The responses to changing political economic environments

  • A range of initiatives, almost all originating in one publication:
  • ‘Tax us if you can', Murphy and Christensen, Tax Justice Network, London, 2005

Country-by-country reporting

  • The requirement that a multinational company provide limited profit and loss account and other accounting data for each county in which it trades, without exception
  • Now a requirement for EU banks
  • And a requirement from the OECD for all companies turning over more than €750 million, but only to tax authorities
  • Public disclosure being fought heavily by tax havens in EU - sure evidence they think it will not help them
  • Considered the great success of the OECD Base Erosion and Profit Shifting Initiative

Automatic information exchange

  • The supply of data from tax haven banks to the tax authorities of their clients' home states confirming account ownership, balances deposited and limited income data
  • Applies to beneficially owned accounts as well as those in own name
  • Meant to be operative by 2018 for more than 100 countries

Beneficial ownership data

  • A demand that all companies and trusts file information on public record as to their beneficial ownership
  • UK has led the way on companies
  • No one is doing trusts
  • Many EUI countries are resisting
  • And the U.K. arrangement is riddled with loopholes

The implications in 2017

  • Corporate tax transparency is taking place in secret
  • The beneficial ownership data to ensure automatic information exchange is meaningful almost certainly does not exist
  • Automatic information exchange may only have impact because of behavioural consequences in that case
  • In fact fear of exposure may be the biggest motivator for change there has been and the smoking gun changes may have helped with that
  • But for all the hype the new systems may just be token gestures

The new political economic environment

  • ‘We are, in short, at the end of both and economic period - that of western-led globalisation - and a geopolitical one - the post cod war "unipolar moment" of a US-led global order'
  • Martin Wolf, The Financial Times, 5 January 2017
  • What might this new environment mean?

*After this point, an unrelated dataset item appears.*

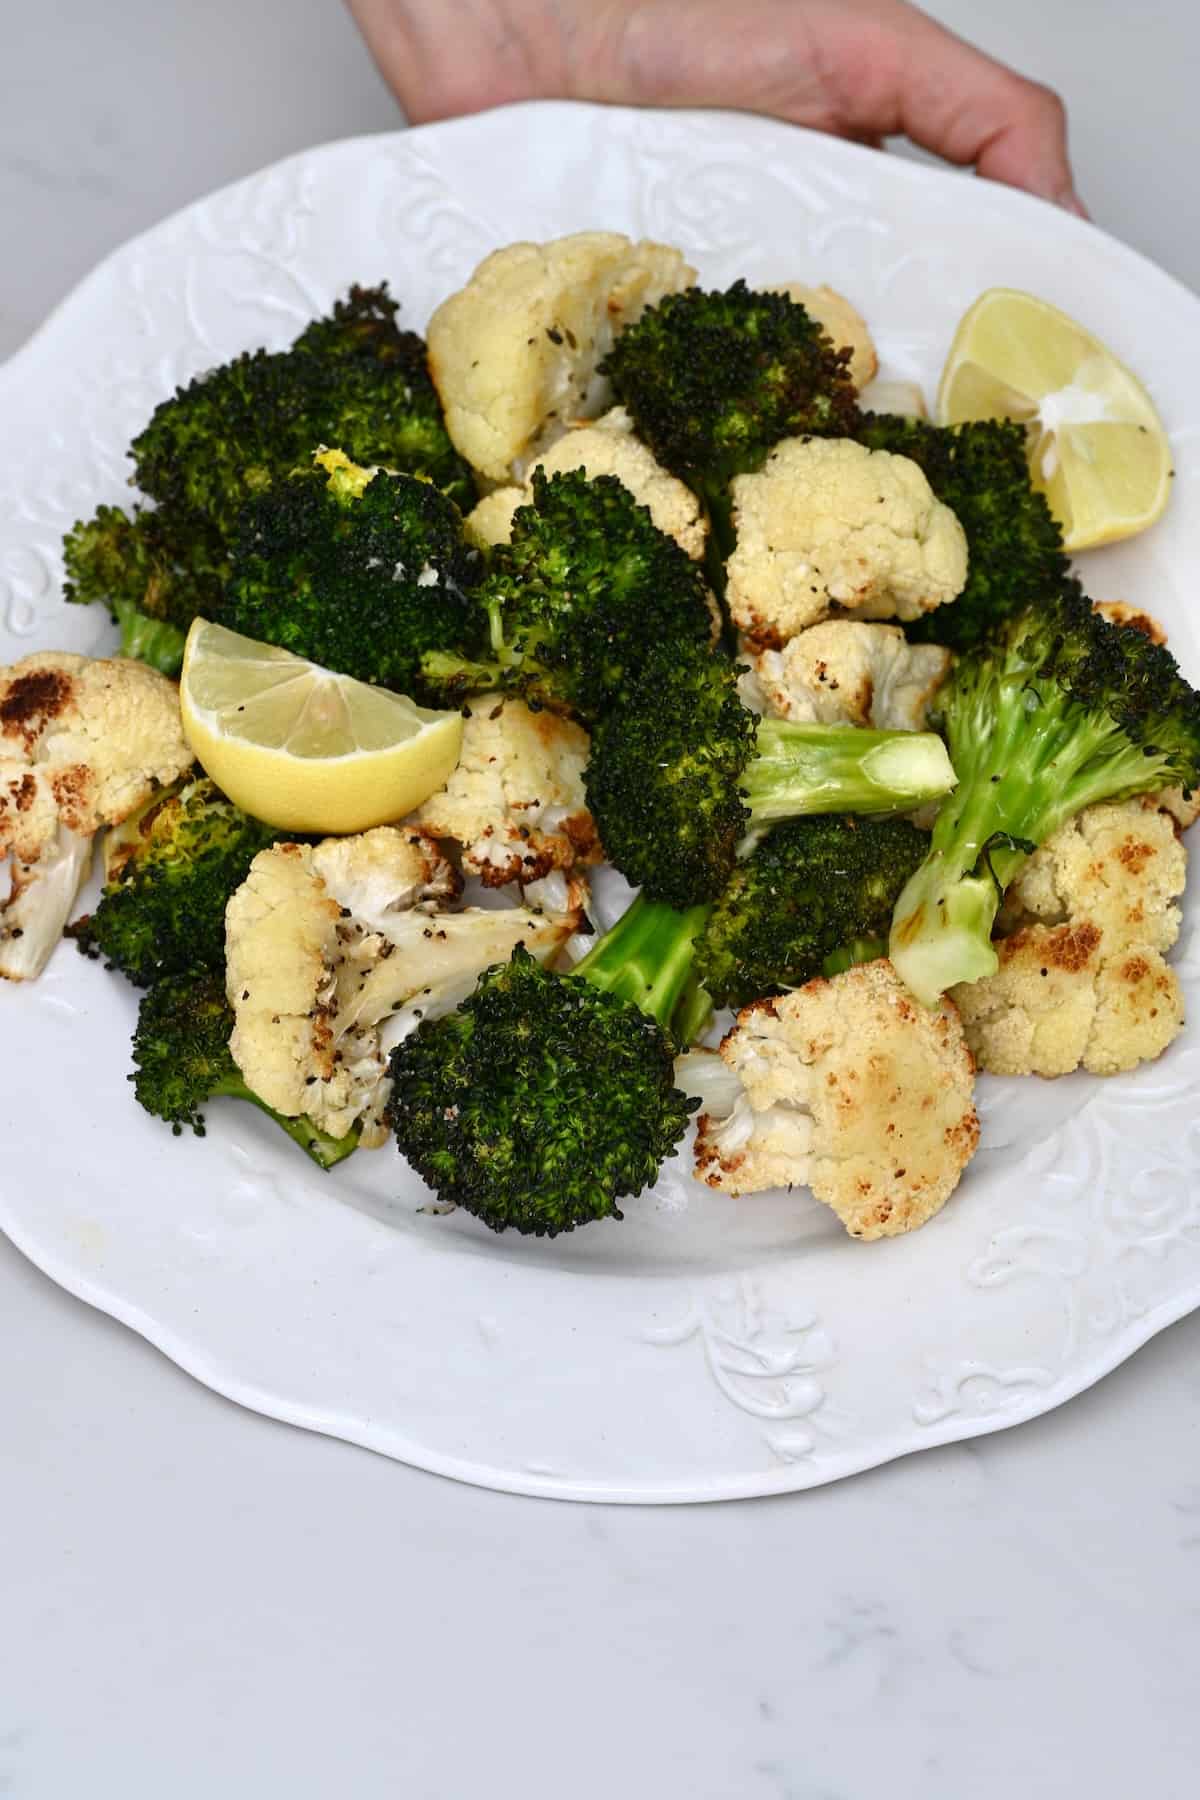 Roasted cauliflower and broccoli on a plate
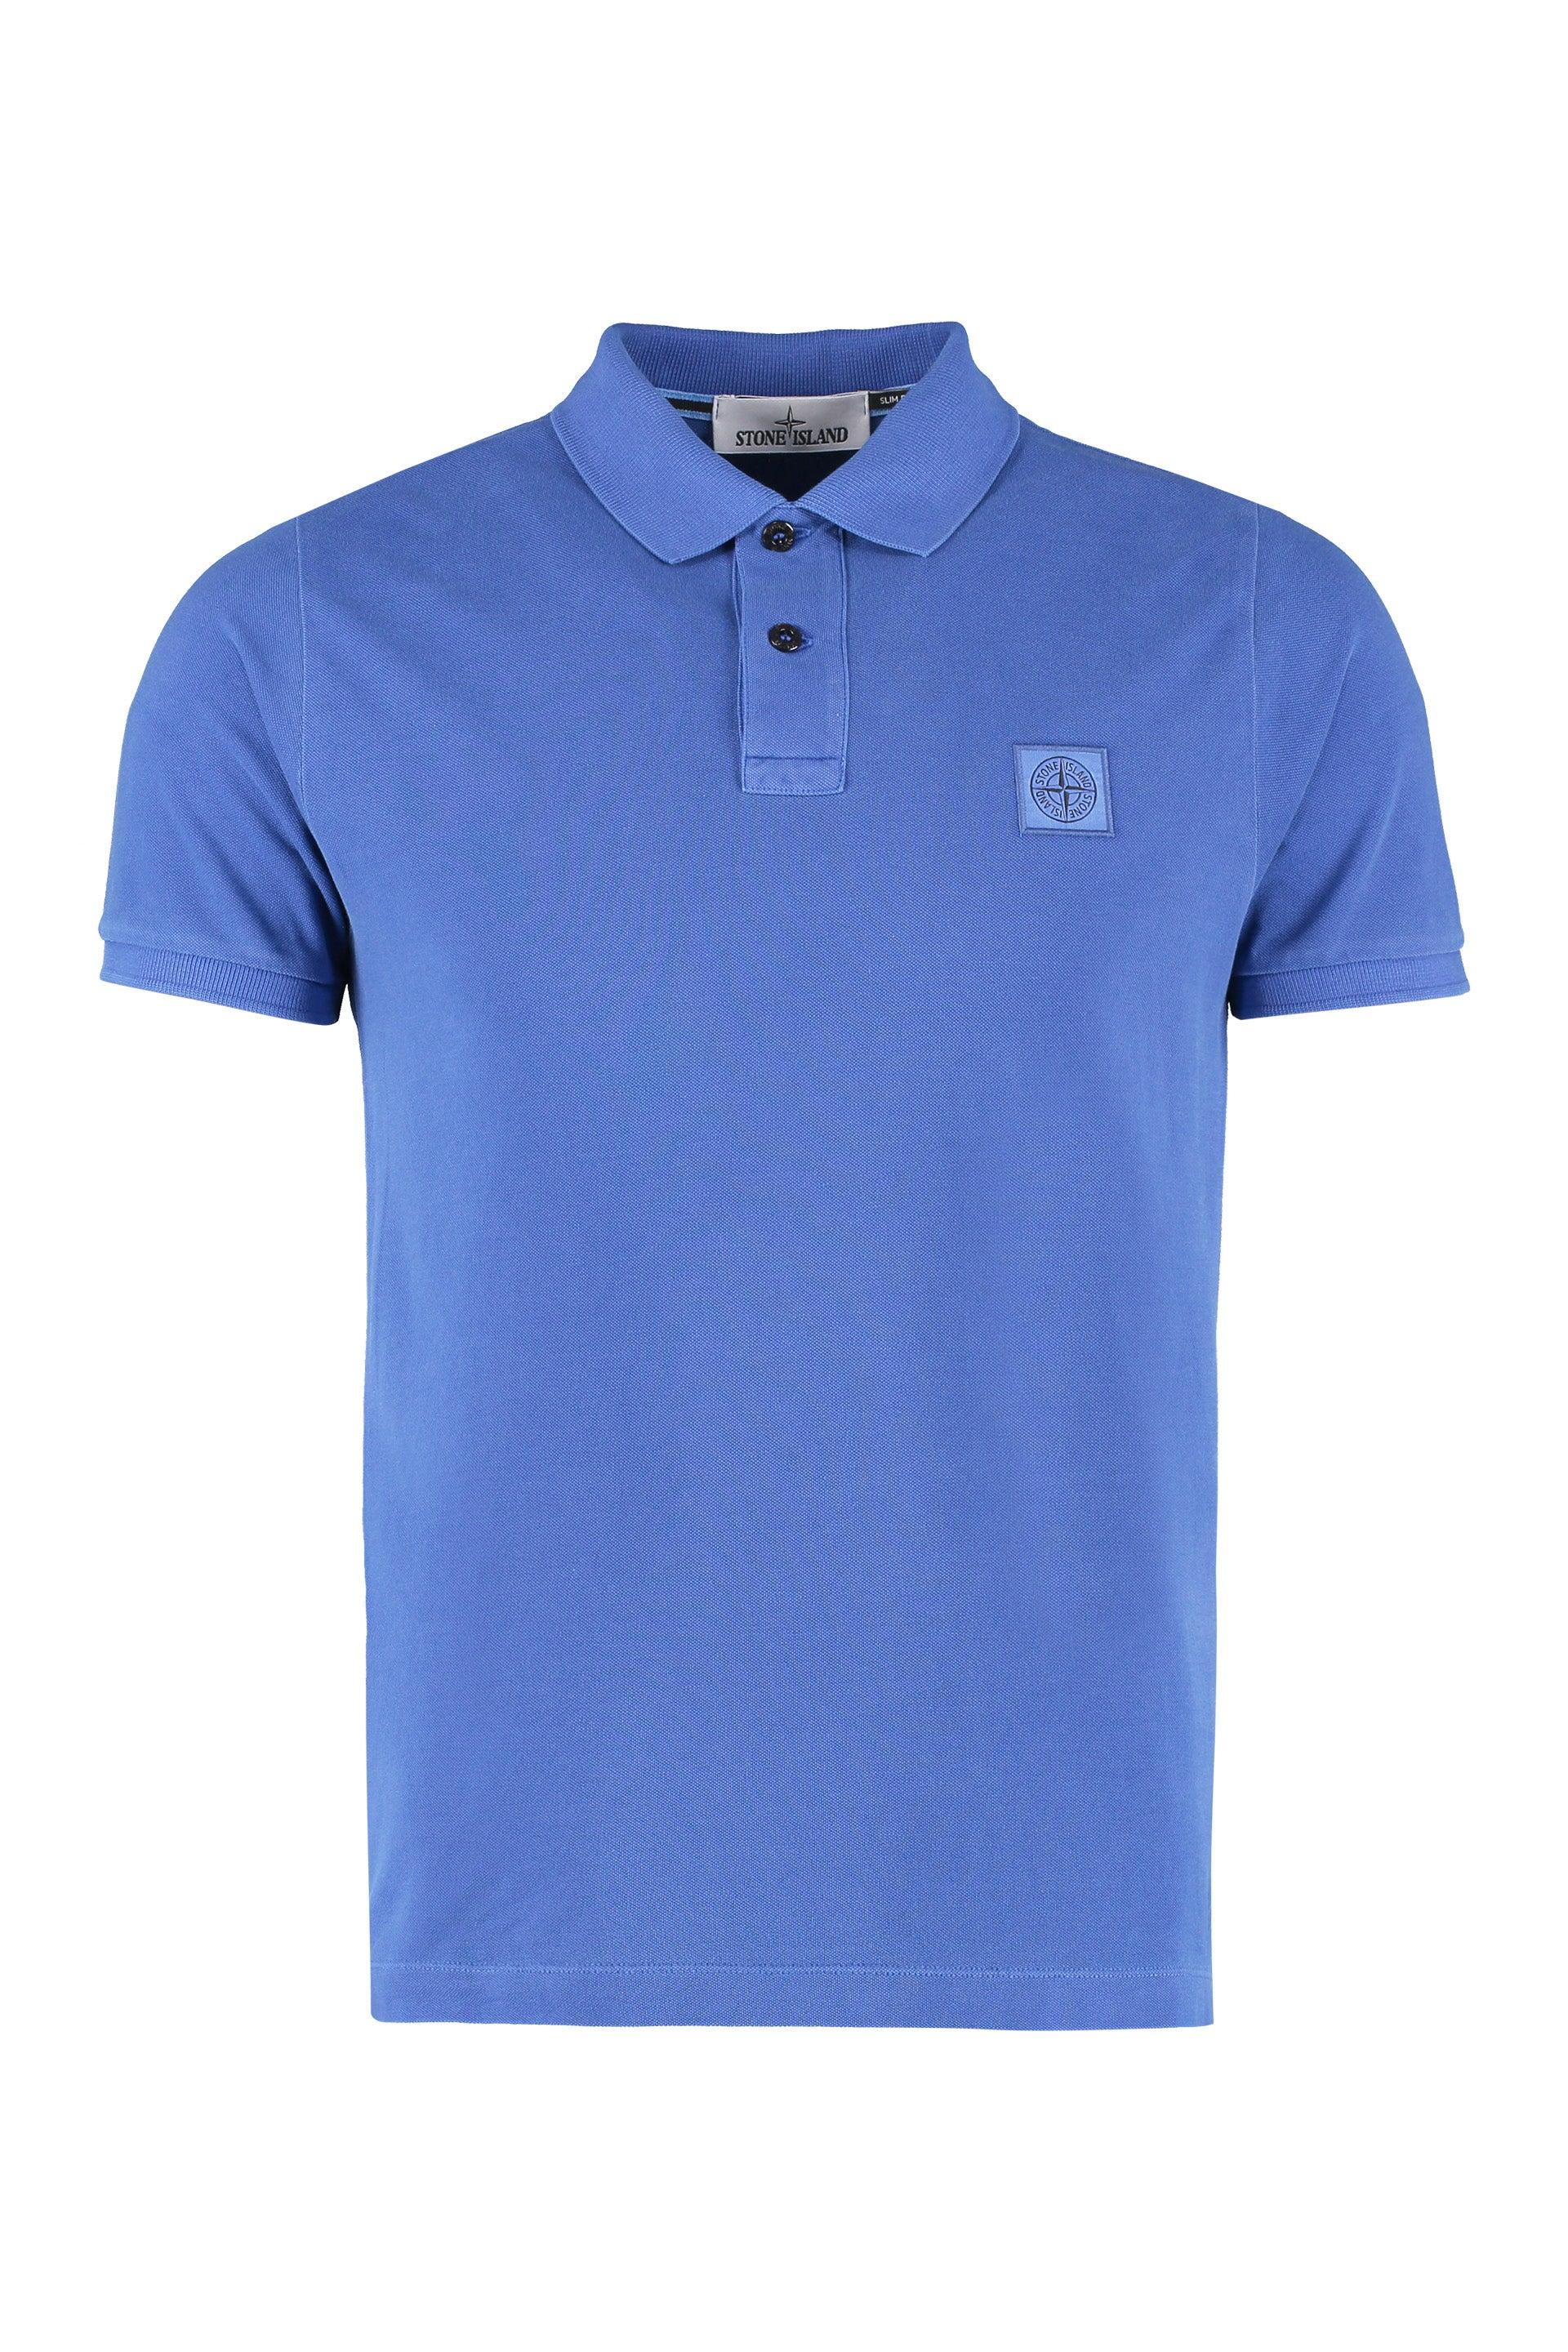 Stone Island Cotton-piqué Polo Shirt in Blue for Men | Lyst

What do we do now to tame abuse?

  • If the new environment is about patriotic populism that rejects the power of elites and multinational companies and the tax havens they use how is the paradox of tackling tax havens resolved within the new constraints of nationalism, trade barriers and increased international competition?

Route one to taming abuse - focus on the domestic scene

  • It's a legacy of the development of the tax justice movement that the focus has always been on tax haven abuse
  • The reality is that most tax abuse has always been evasion and not avoidance and most has b even domestic and not international
  • A government that wants to tackle tax abuse has to now embrace the reality

Ending domestic tax abuse

  • Calculate tax gaps
  • Properly regulate companies
  • Require domestic automatic information exchange from banks
  • Resource tax authorities properly
  • Scrape all available databases
  • The willingness to do any of these things is absent at present - so the inclination to abuse is untamed

Route two to taming abuse - the new international dialogue

  • The new international dialogue is dependent upon realising the global financial capitalism is killing capitalism as we've known it. It is:
  • Concentrating wealth
  • Denying capital to those who need it
  • Reducing risk taking
  • Encouraging the rise of rentierism
  • Destroying the chances of market entry
  • Denying the data needed to make rational capital allocation decisions

The foundations of a new international capital consensus

  • Tackling tax abuse and all that goes with it is a necessary condition for the survival of capitalism
  • If it cannot morph into a new form that tackles tax haven abuses to reinforce the role that capitalism was always intended to have the new form of political economy that Martin Wolf foresees will not embrace capitalism as we have known it
  • There is a choice to be made. But please don't ask me what might happen.